• [EXERCISE DATA]:
━━━

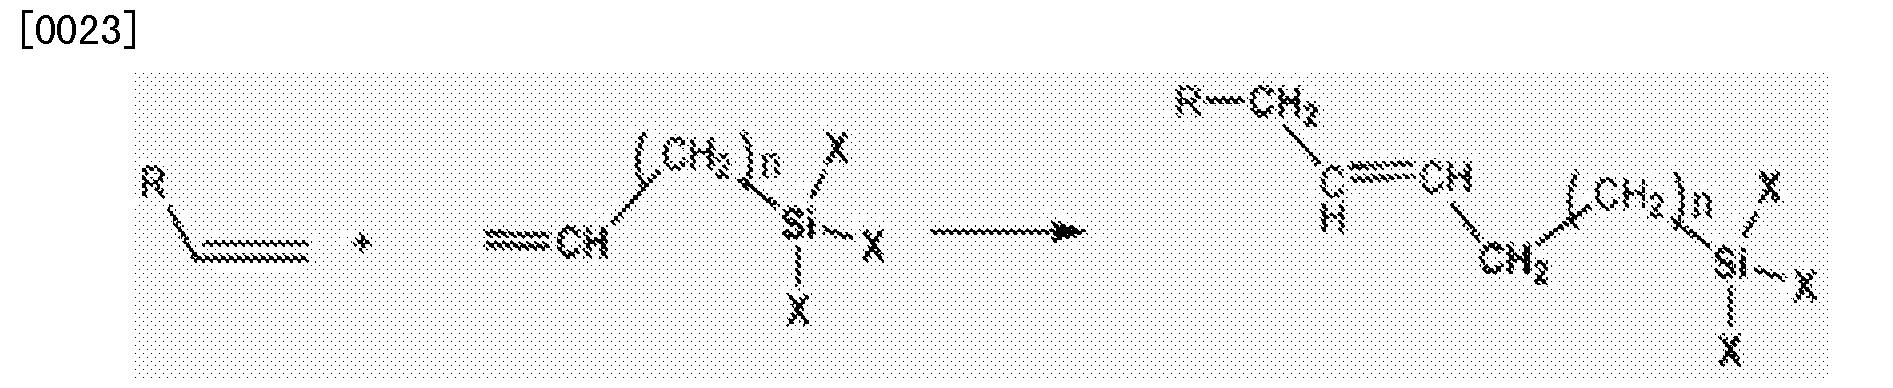 Figure CN105315486AD00071
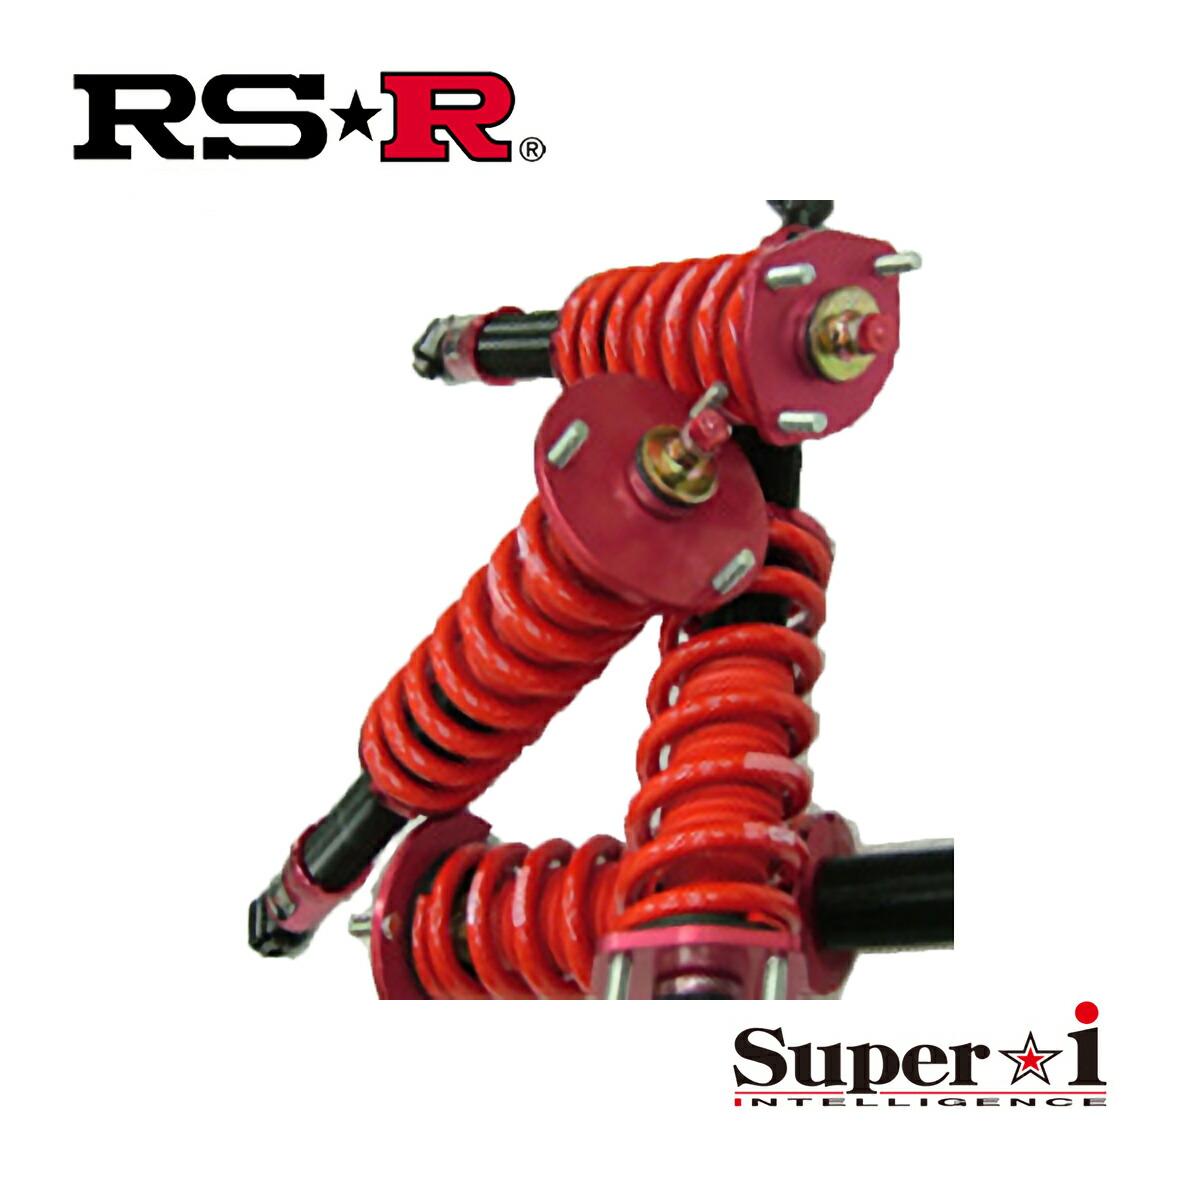 RS-R クラウンハイブリッド AZSH20 RSアドバンス 車高調 リア車高調整:ネジ式/ソフトバネレート仕様 SIT967S スーパーi RSR 個人宅発送追金有
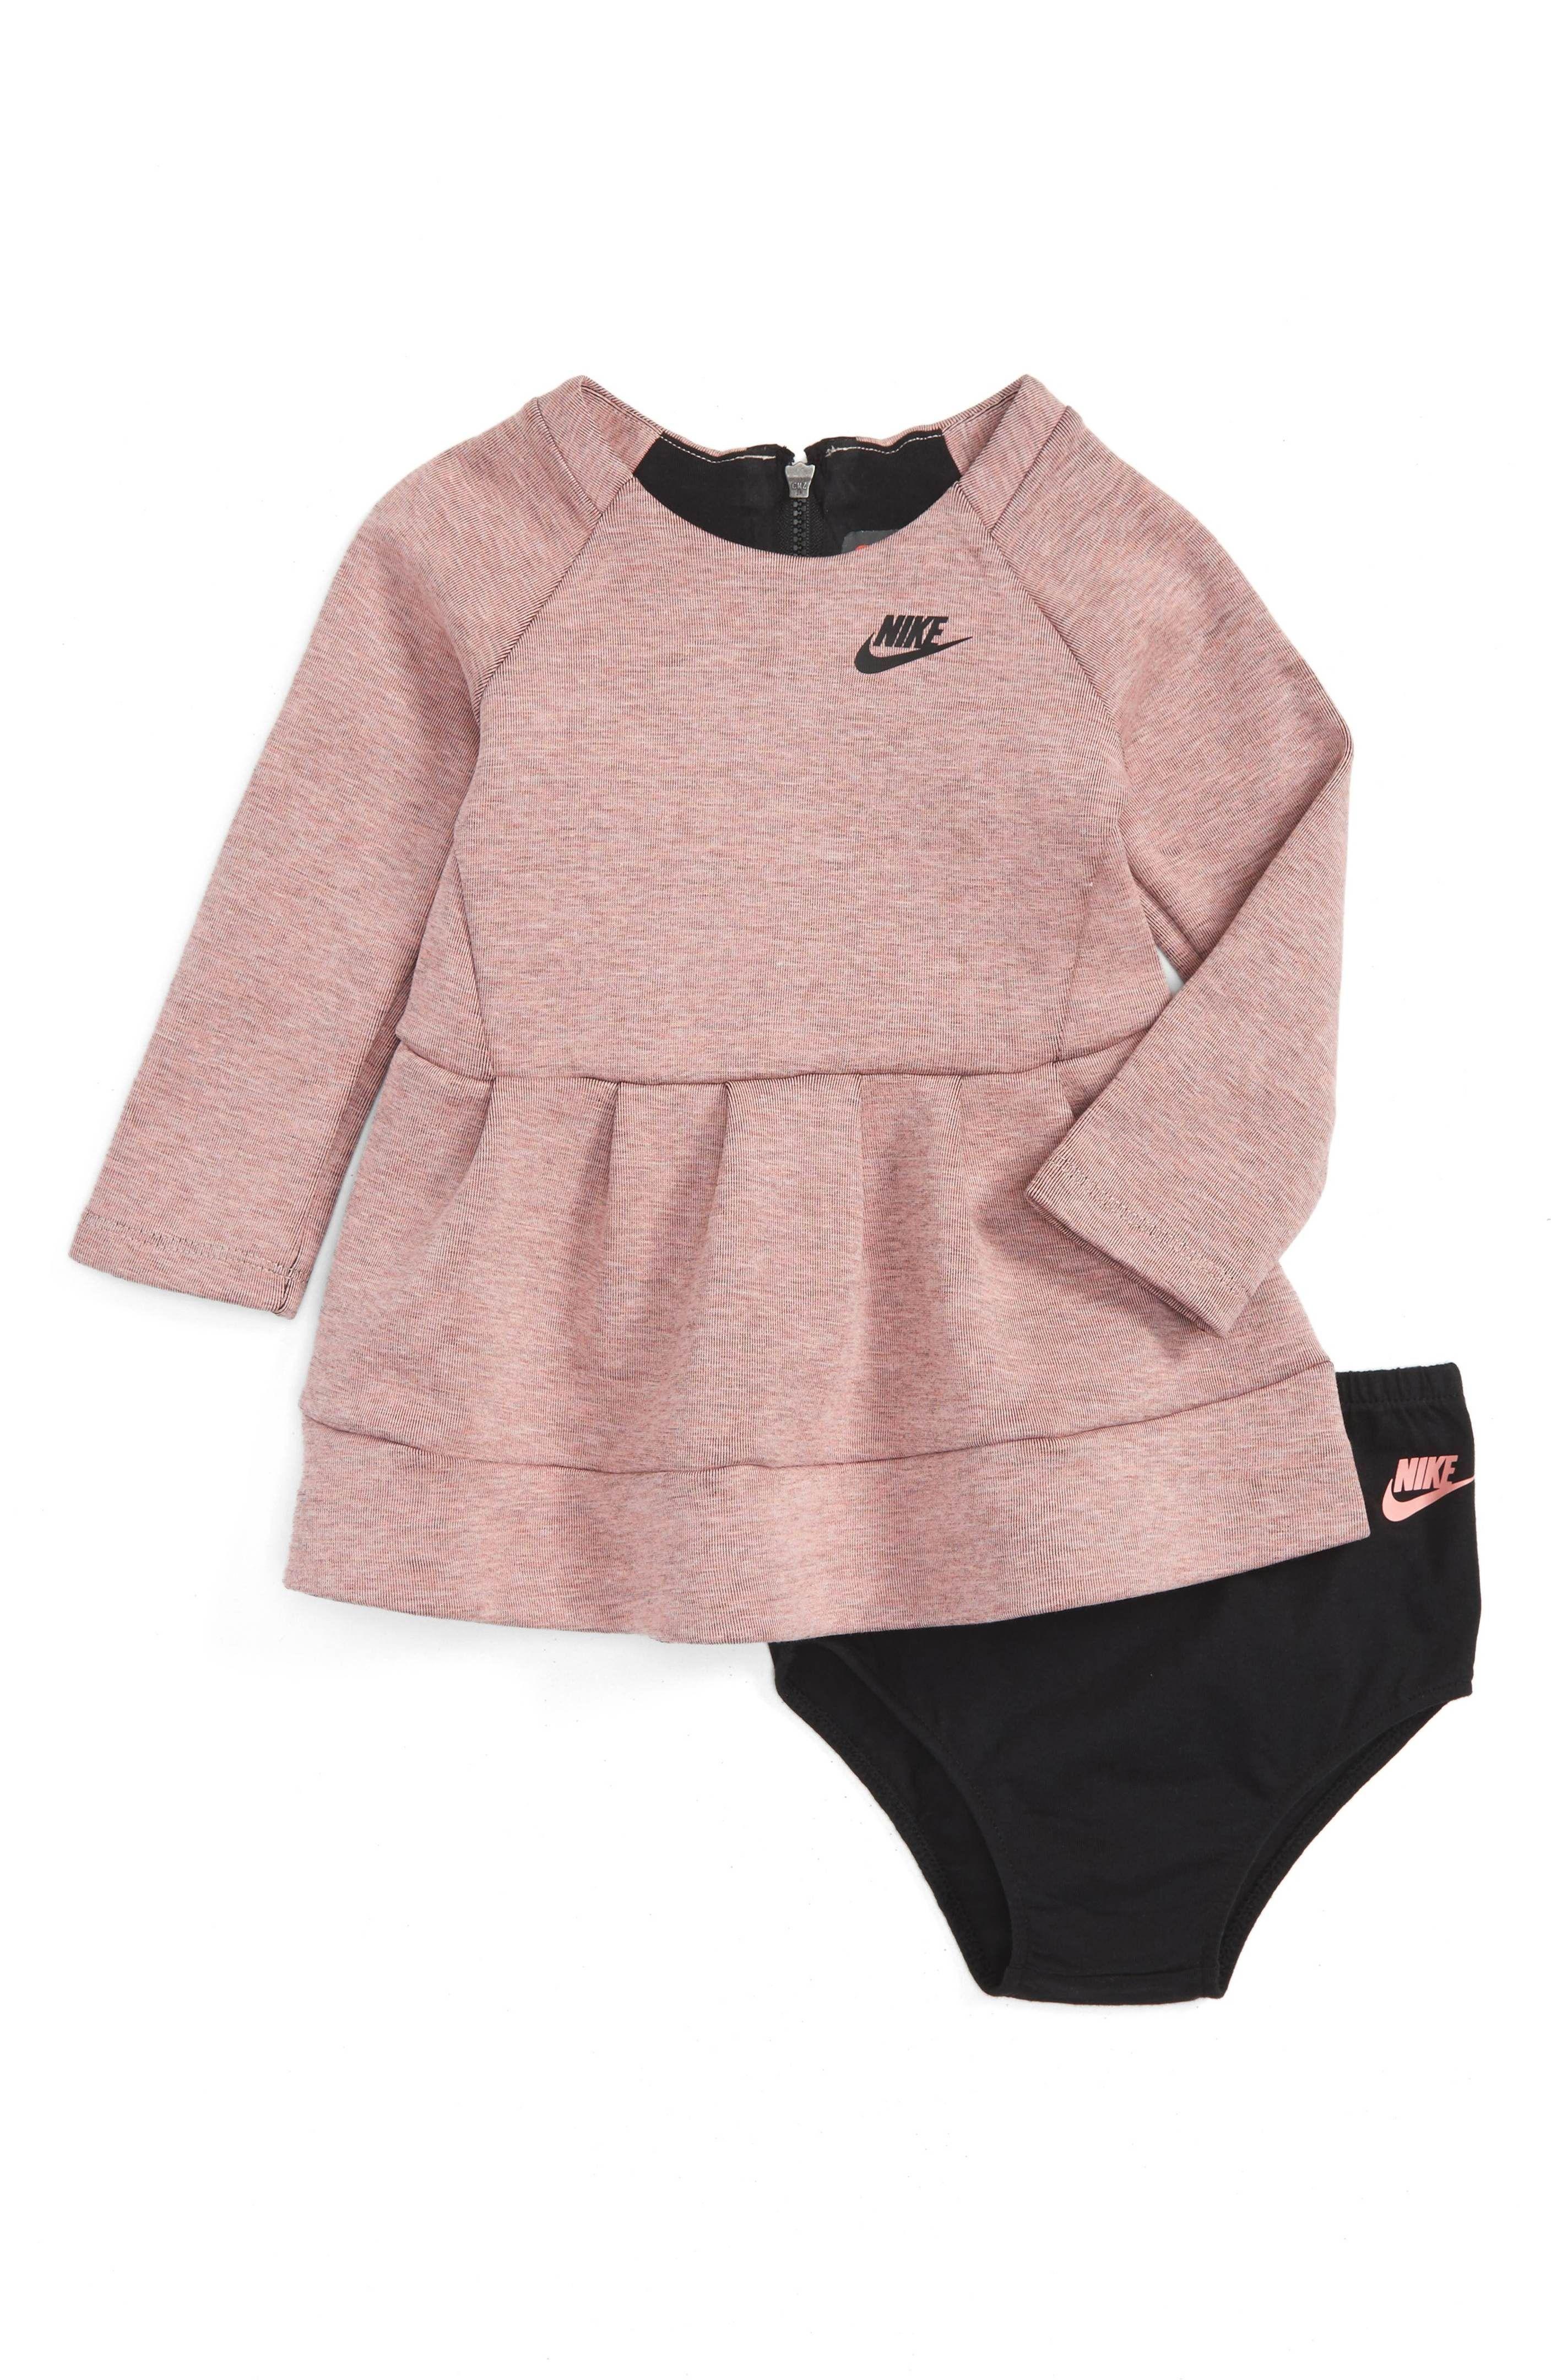 Main Image - Nike Tech Pack Fleece Dress (Baby Girls)
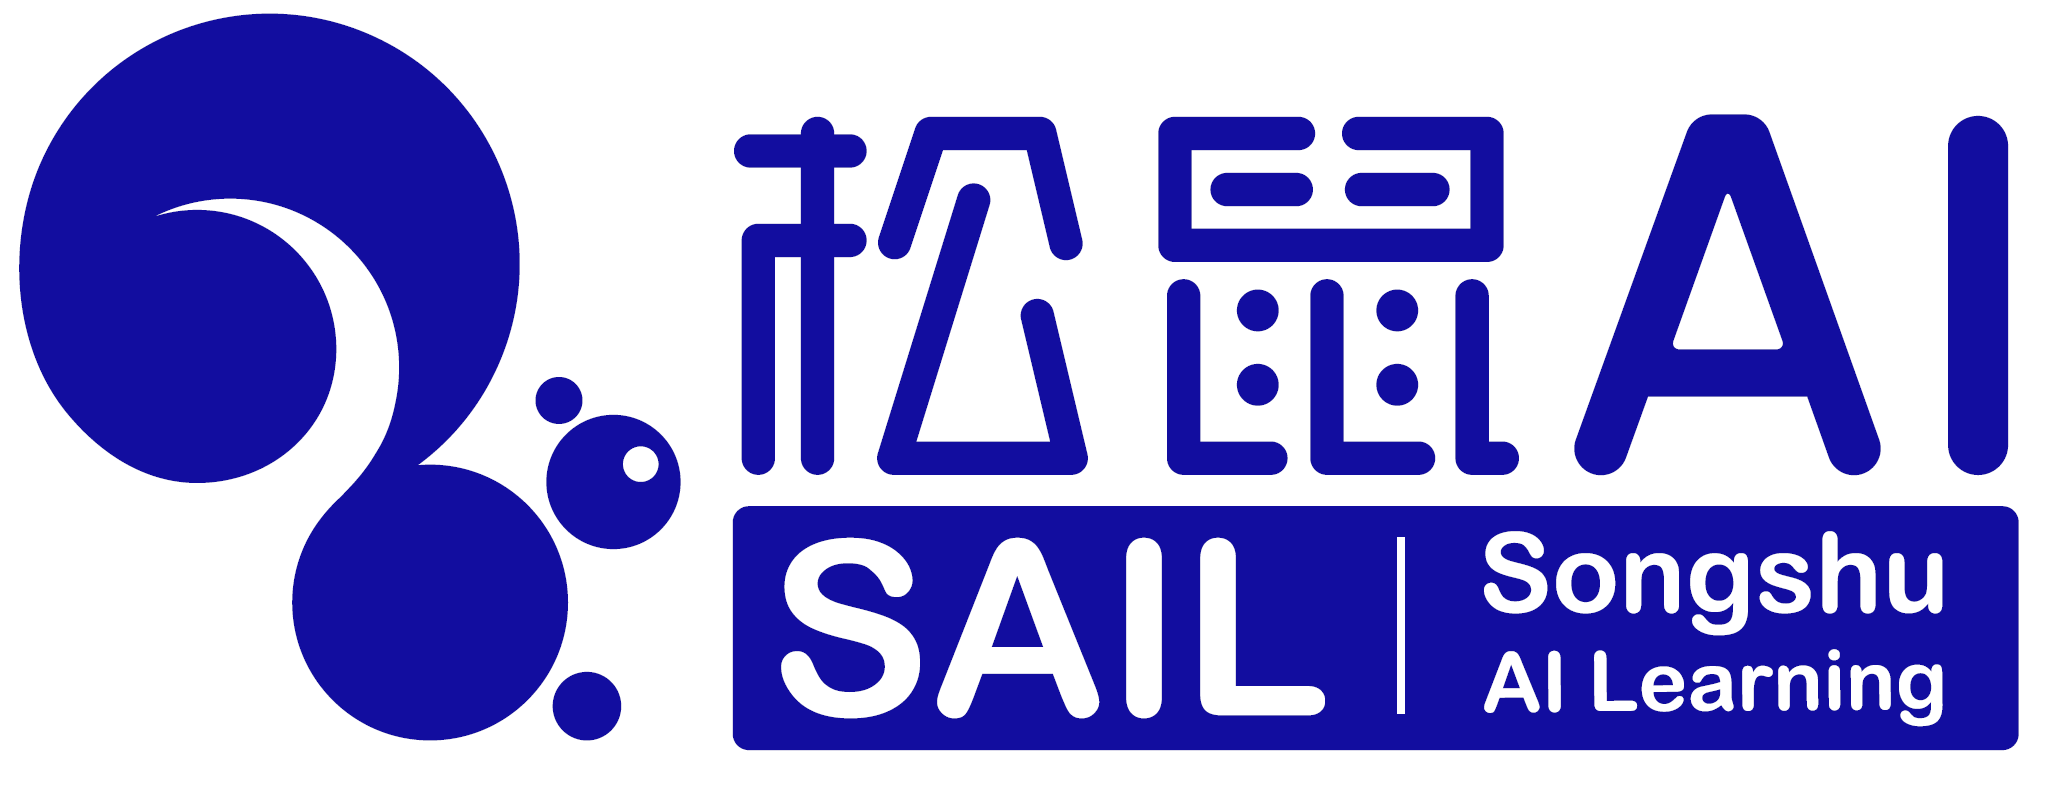 IJCAI-ECAI-18 – July 13-19 2018, Stockholm, Sweden

━━━

• [WORK TO COMPLETE]: With the pictures left out, output exactly the lines from the one with "RS-R クラウンハイブリッド AZSH20" through the end of the listing above, both ends included.

• [YOUR RESPONSE]:
 RS-R クラウンハイブリッド AZSH20 RSアドバンス 車高調 リア車高調整:ネジ式/ソフトバネレート仕様 SIT967S スーパーi RSR 個人宅発送追金有
 Main Image - Nike Tech Pack Fleece Dress (Baby Girls)
 IJCAI-ECAI-18 – July 13-19 2018, Stockholm, Sweden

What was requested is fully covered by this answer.